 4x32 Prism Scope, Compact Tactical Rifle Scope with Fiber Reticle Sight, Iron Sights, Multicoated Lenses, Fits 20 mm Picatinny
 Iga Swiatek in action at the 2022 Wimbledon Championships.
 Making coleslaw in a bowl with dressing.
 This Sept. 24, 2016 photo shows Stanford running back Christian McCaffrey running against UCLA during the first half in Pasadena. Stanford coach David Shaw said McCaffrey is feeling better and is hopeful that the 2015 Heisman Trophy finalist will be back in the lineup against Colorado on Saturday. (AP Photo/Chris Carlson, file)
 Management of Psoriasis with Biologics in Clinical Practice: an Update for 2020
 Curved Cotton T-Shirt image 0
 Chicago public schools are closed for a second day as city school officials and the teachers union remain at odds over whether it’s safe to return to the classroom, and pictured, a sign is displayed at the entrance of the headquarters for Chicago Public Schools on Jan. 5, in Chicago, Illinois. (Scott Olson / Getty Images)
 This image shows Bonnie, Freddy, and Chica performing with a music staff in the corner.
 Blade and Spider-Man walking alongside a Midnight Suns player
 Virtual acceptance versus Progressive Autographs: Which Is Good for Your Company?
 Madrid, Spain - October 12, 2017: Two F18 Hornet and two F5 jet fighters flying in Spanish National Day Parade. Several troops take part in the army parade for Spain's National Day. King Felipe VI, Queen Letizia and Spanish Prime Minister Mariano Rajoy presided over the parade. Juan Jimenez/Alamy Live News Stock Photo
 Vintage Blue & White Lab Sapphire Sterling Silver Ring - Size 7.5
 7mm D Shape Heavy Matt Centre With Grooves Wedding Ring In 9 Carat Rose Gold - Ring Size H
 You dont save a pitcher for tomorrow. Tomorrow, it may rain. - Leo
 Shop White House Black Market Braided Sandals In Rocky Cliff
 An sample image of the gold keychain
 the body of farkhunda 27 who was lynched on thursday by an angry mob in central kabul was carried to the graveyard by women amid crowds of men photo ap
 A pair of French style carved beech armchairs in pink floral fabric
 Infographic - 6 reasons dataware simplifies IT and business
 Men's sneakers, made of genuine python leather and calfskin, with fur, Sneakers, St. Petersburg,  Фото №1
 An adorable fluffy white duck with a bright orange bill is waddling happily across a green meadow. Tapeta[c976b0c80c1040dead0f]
# # # #
__Problem description__
Restate, word for word and with nothing added, the lines from the beginning of the records above through the line that contains "Making coleslaw in a bowl with dressing.".

__Expected answer__
 4x32 Prism Scope, Compact Tactical Rifle Scope with Fiber Reticle Sight, Iron Sights, Multicoated Lenses, Fits 20 mm Picatinny
 Iga Swiatek in action at the 2022 Wimbledon Championships.
 Making coleslaw in a bowl with dressing.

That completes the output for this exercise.